SHAS: Approaching optimal Segmentation for End-to-End Speech Translation

Overview

SHAS: Approaching optimal Segmentation for End-to-End Speech Translation

In this repo you can find the code of the Supervised Hybrid Audio Segmentation (SHAS) method for End-to-End Speech Translation, proposed in Tsiamas et al. (2022). You can use our method with pre-trained models to segment a collection of audio files or train and fine-tune our method on your own segmented data. We provide instructions to replicate our results from the paper on MuST-C en-de and mTEDx es-en, fr-en, it-en, pt-en. You can also find easy-to-use implementations of other segmentation methods, like fixed-length, VAD, and the hybrid methods of Potapczyk and Przybysz (2020), Gállego et al. (2021), and Gaido et al. (2021).

Follow the instructions here to segment a collection of audio files, or the instruction here to replicate the results of the paper.

Abstract

Speech translation models are unable to directly process long audios, like TED talks, which have to be split into shorter segments. Speech translation datasets provide manual segmentations of the audios, which are not available in real-world scenarios, and existing segmentation methods usually significantly reduce translation quality at inference time. To bridge the gap between the manual segmentation of training and the automatic one at inference, we propose Supervised Hybrid Audio Segmentation (SHAS), a method that can effectively learn the optimal segmentation from any manually segmented speech corpus. First, we train a classifier to identify the included frames in a segmentation, using speech representations from a pre-trained wav2vec 2.0. The optimal splitting points are then found by a probabilistic Divide-and-Conquer algorithm that progressively splits at the frame of lowest probability until all segments are below a pre-specified length. Experiments on MuST-C and mTEDx show that the translation of the segments produced by our method approaches the quality of the manual segmentation on 5 languages pairs. Namely, SHAS retains 95-98% of the manual segmentation's BLEU score, compared to the 87-93% of the best existing methods.

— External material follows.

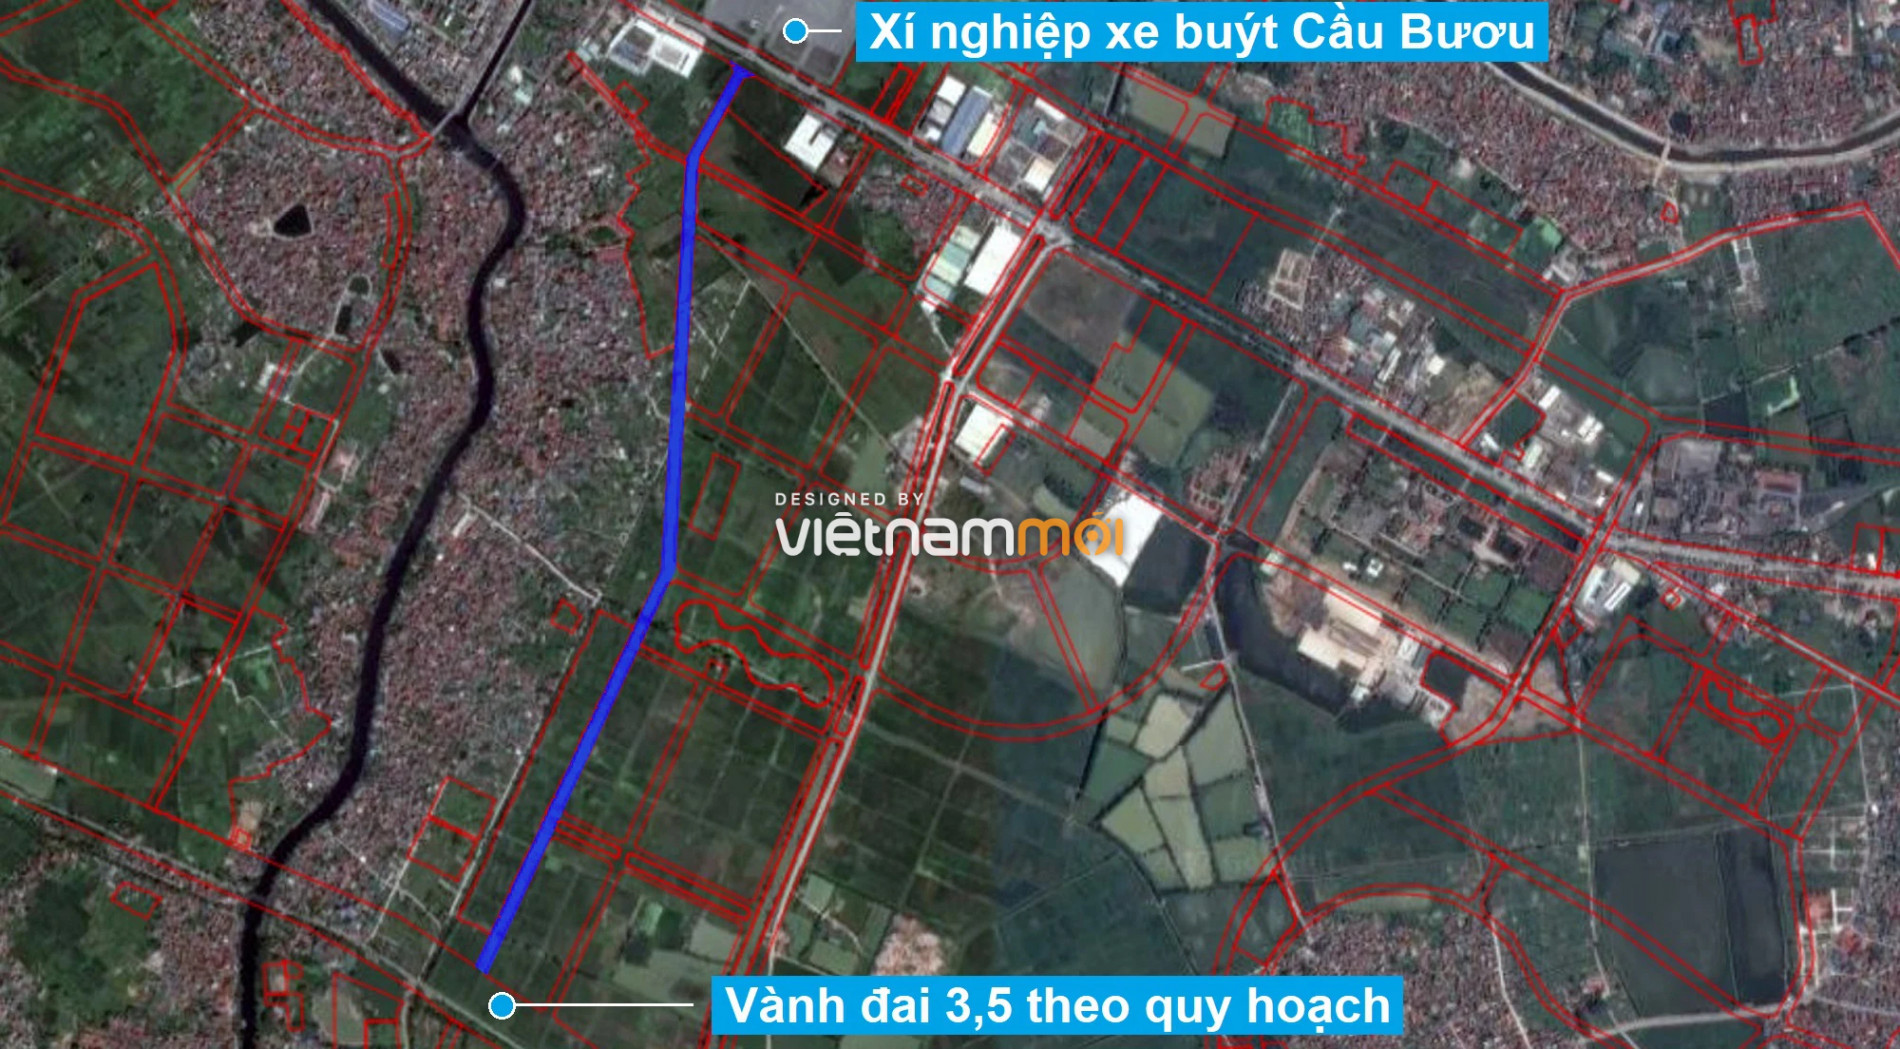 Những khu đất sắp thu hồi để mở đường ở xã Tả Thanh Oai, Thanh Trì, Hà Nội (phần 2) - Ảnh 10.

Our method is additionally generalizable to different domains and achieves high zero-shot performance in unseen languages.

Results

Citation

If you find SHAS or the contents of this repo useful for your research, please consider citing:

@misc{tsiamas2022shas,
      title={SHAS: Approaching optimal Segmentation for End-to-End Speech Translation}, 
      author={Ioannis Tsiamas and Gerard I. Gállego and José A. R. Fonollosa and Marta R. Costa-jussà},
      year={2022},
      eprint={2202.04774},
      archivePrefix={arXiv},
      primaryClass={cs.SD}
}

Usage

Clone this repository to $SHAS_ROOT:

git clone https://github.com/mt-upc/SHAS.git ${SHAS_ROOT}    

Create a conda environment using the environment.yml file and activate it:

conda env create -f ${SHAS_ROOT}/environment.yml && \
conda activate shas

Segmentation with SHAS

Download one of the available pre-trained segmentation frame classifiers required for the SHAS method:

English Spanish French Italian Portuguese Multilingual

Make sure that the audio files you want to segment are in .wav format, mono, and sampled at 16kHz. You can convert them with:

path_to_wavs=...                       # path to the audio files that will be segmented
ls ${path_to_wavs}/*.* | parallel -j 4 ffmpeg -i {} -ac 1 -ar 16000 -hide_banner -loglevel error {.}.wav

Segment a collection of audio files with the SHAS method. This includes inference with the classifier and application of a probabilistic Divide-and-Conquer (pDAC) algorithm:

python ${SHAS_ROOT}/src/supervised_hybrid/segment.py \
  -wavs $path_to_wavs \                       # path to the audio files that will be segmented
  -ckpt $path_to_checkpoint \                 # path to the checkpoint of a trained segmentation frame classifier
  -yaml $path_to_custom_segmentation_yaml \   # where to save the custom segmentation yaml file
  -max $max_segment_length                    # the core parameter of pDAC (in seconds, empirically values between 14-18 work well)

Segmentation with other methods

Length-based (fixed-length) segmentation:

python ${SHAS_ROOT}/src/segmentation_methods/length_based.py \
  -wavs $path_to_wavs \
  -yaml $path_to_custom_segmentation_yaml \
  -n $segment_length    # (in seconds)

Pause-based segmentation with webrtc VAD:

python ${SHAS_ROOT}/src/segmentation_methods/pause_based.py \
  -wavs $path_to_wavs \
  -yaml $path_to_custom_segmentation_yaml \
  -l $frame_length \        # 10, 20 or 30
  -a $aggressiveness_mode   # 1, 2 or 3

Hybrid segmentation with either wav2vec 2.0 or VAD as pause predictor, and either the DAC or Streaming algorithms:

python ${SHAS_ROOT}/src/segmentation_methods/hybrid.py \
  -wavs $path_to_wavs \
  -yaml $path_to_custom_segmentation_yaml \
  -pause $pause_predictor \         # wav2vec or vad
  -alg $algorithm \                 # dac or strm
  -max $max_segment_length \        # (in seconds)
  -min $min_segment_length          # (in seconds) only active for the strm alg

More extensive usage

Follow these steps to replicate the results of the paper. Download the MuST-C and mTEDx data, prepare them for the Segmentation Frame Classifier training, train the classifier, generate a segmentation of a test set, translate the segments with Joint Speech-to-Text models from fairseq, do hypothesis-reference alignment, and compute BLEU scores.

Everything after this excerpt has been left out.